1–1.5 lb lamb rack
1–2 teaspoons kosher salt
2 tablespoons Worcestershire sauce
1 tablespoon hoi sin sauce
1 tablespoon balsamic vinegar
1 tablespoon water
1 tablespoon Vegemite
- If your rack comes with a fat cap still attached, you may want to trim it back, but this is an optional step.
- Preheat an oven to 350f.
- Place lamb rack on a board and season well on both sides with kosher salt.
- In a small saucepan, combine all other ingredients and warm over low-medium heat until the mixture comes together and is about to bubble, about 3 minutes. Be careful not to leave it too much longer as it may burn. Separate the glaze into two small bowls (one will be used for the raw meat, one for the cooked dish).
- Place a skillet or oven-proof frying pan over high heat and coat with a light spritz of spray oil.
- Use a pastry brush to coat the rack with glaze on both sizes, then place in the pan to sear.
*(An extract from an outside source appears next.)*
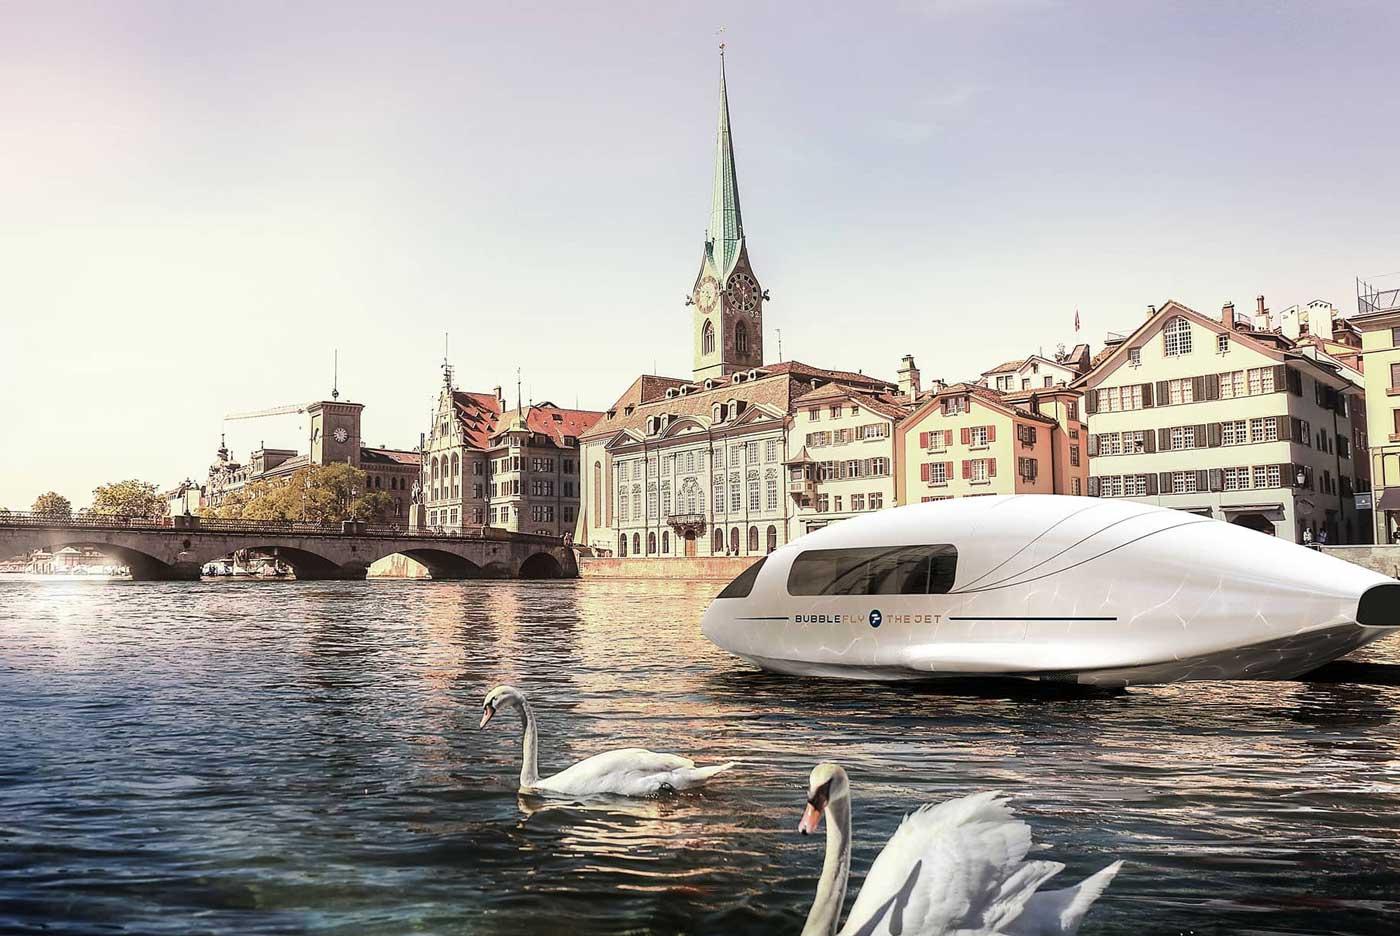 BubbleFly : Alain Thébault lève le voile sur son nouveau bateau-taxi volant

Sear the rack, turning to ensure it’s browning evenly. Sear about 2 minutes per side, then place the whole pan into the oven.
- Cook until the lamb reaches an internal temperature of 130f on an instant read thermometer, about 10-15 minutes.
- Once at temperature, remove from plan and place on a board then cover the rack loosely with foil. Allow to rest 10-15 minutes before slicing.
- Slice the rack into cutlets and serve with a drizzle of the reserved glaze.